Regulators’ Budget: Overall Spending and Staffing Remain Stable:

An Analysis of the U.S. Budget for Fiscal Years 1960 to 2021


Mark Febrizio and Melinda Warren


Highlights

This report tracks the “Regulators’ Budget,” the fiscal budget outlays and personnel devoted to developing and enforcing federal regulations, from fiscal year (FY) 1960 to the president’s FY 2021 budget request. While these on-budget costs of regulation represent a small fraction of the full burden of regulations to society (and do not provide information on regulations’ benefits), the data presented here offer useful insights into the growth and composition of regulation over the last 62 years.

The president’s FY 2021 budget would slightly increase overall spending on regulatory agencies over estimated 2020 levels. It requests $79.8 billion in regulatory outlays, compared to estimated outlays of $77.8 billion in 2020. In real (inflation-adjusted) terms, this would mean a 0.3 percent increase in spending. The FY 2020 regulators’ budget is 5.5 percent higher than in 2019. The number of regulators would rise from 286,647 in 2020 to 288,409 in 2021 (a 0.6 percent increase).

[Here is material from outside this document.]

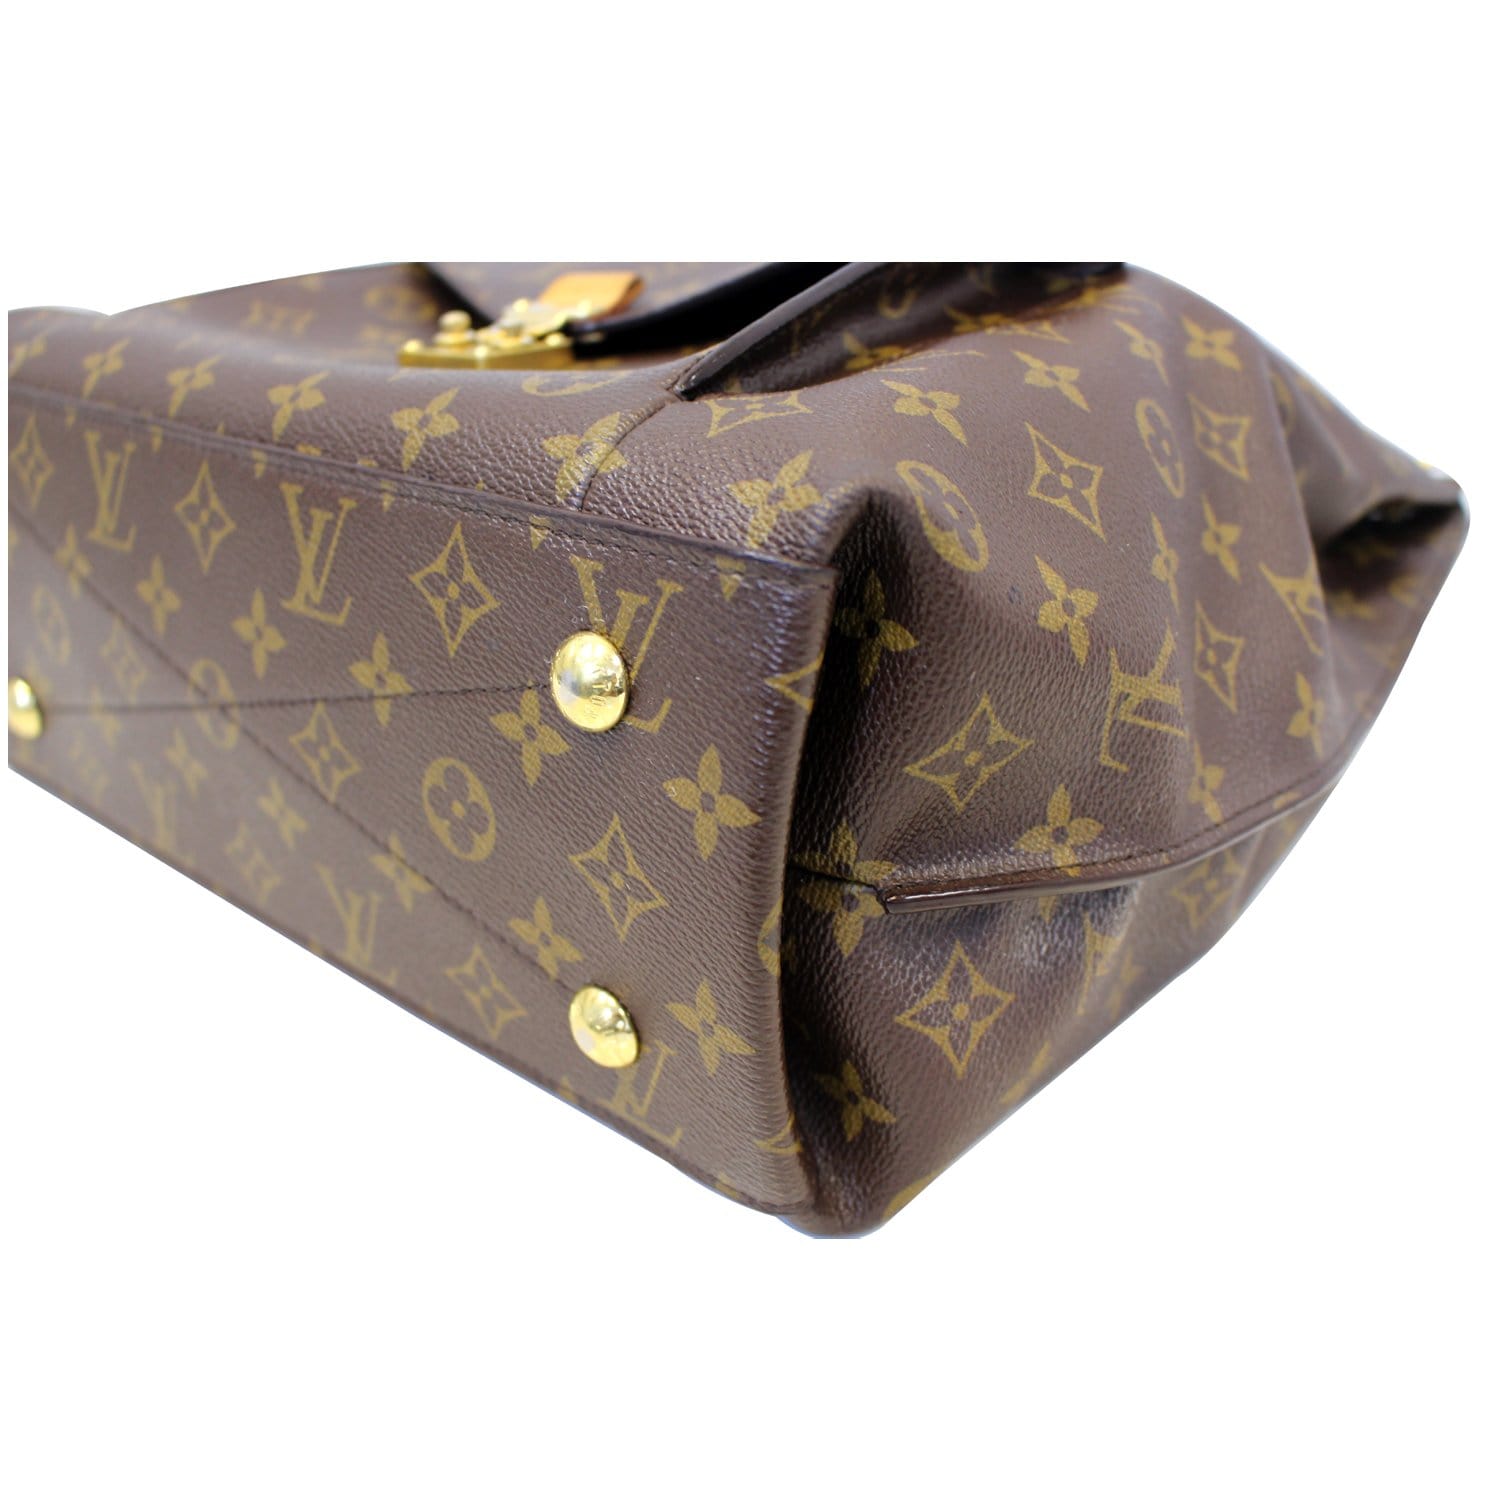 Louis Vuitton Monogram Canvas Metis Hobo Bag - ShopperBoard

While relatively flat, these topline figures obscure large proposed changes in some regulatory agencies. Consistent with previous budget requests from the Trump administration, agencies involved in homeland security functions are scheduled to receive significant increases in both funds and staff. Under the president’s proposal, regulatory activities in the Department of Homeland Security (DHS) would receive a 3.1 percent real increase in resources and a 1.6 percent increase in staff in 2021, building on even larger increases the previous year. The requests for Immigration and Customs Enforcement (ICE) and the U.S. Coast Guard are driving these increases in homeland security spending and personnel.

Proposed reductions for agencies with other regulatory functions largely offset increases, keeping regulatory spending relatively flat. While agencies focused on consumer safety and health are set to receive 2.6 percent more in constant dollars, funding for the three other main categories of social regulation—transportation, workplace, and environment and energy—would decline in real terms. Consistent with another trend in recent budget requests, agencies involved in environmental and energy regulation would bear the biggest cuts—a proposed reduction of 13.1 percent below 2020 spending levels in real terms and 10.3 percent below 2020 staffing.

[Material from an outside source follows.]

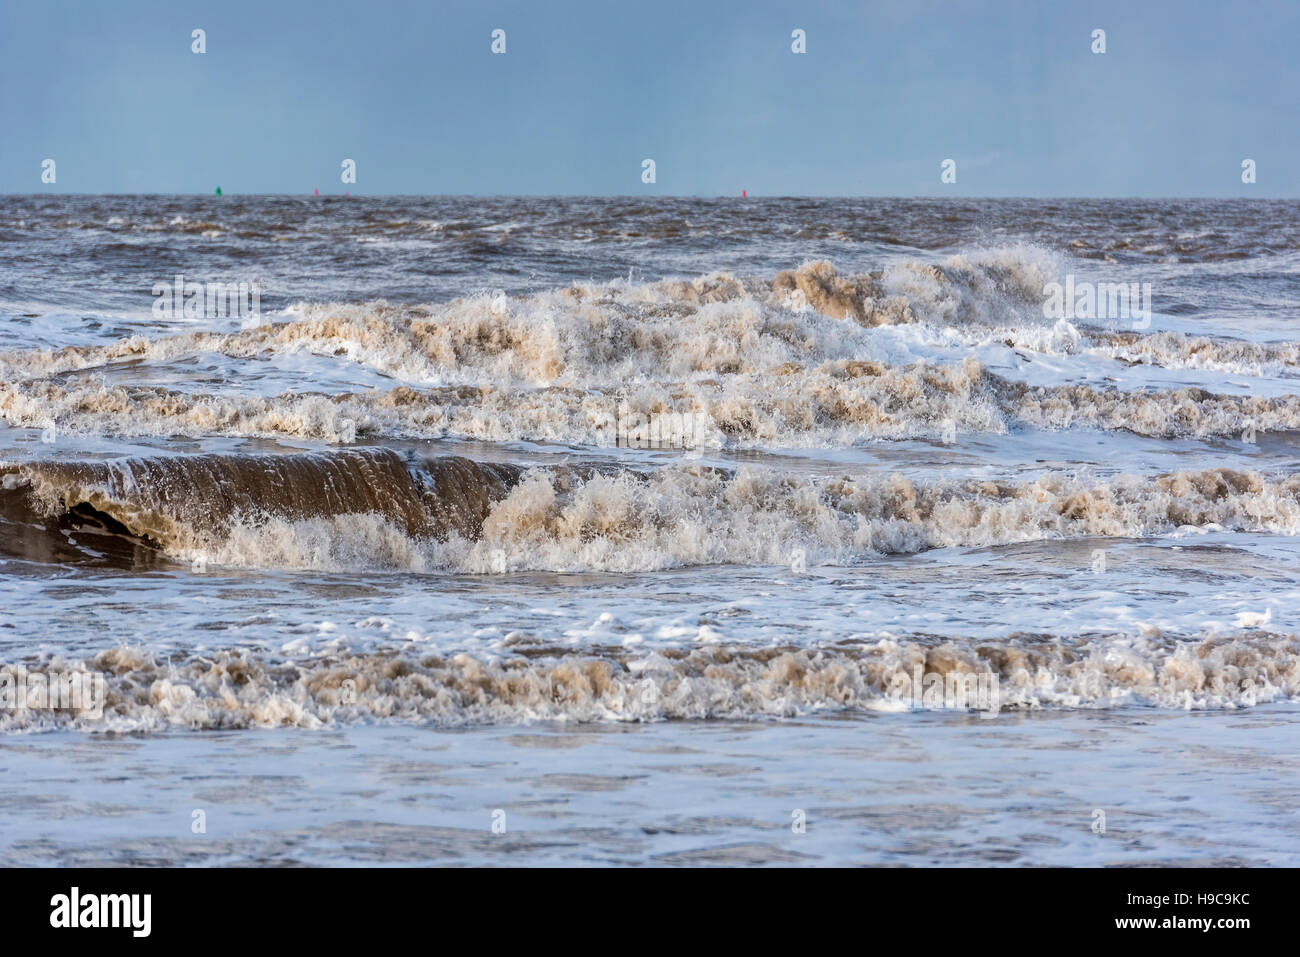 Tempestoso fiume Mersey onde infrangersi sulla spiaggia di New Brighton. Wirral Merseyside. Nord Ovest Inghilterra Foto Stock

Overall, agencies conducting economic regulation—categorized as finance and banking, industry-specific regulation, and general business—would receive a 0.1 percent increase in real resources. The overall increase stems from 2.5 percent more funding proposed for general business, the largest economic regulation category, while spending for the other two categories would fall under the FY 2021 request.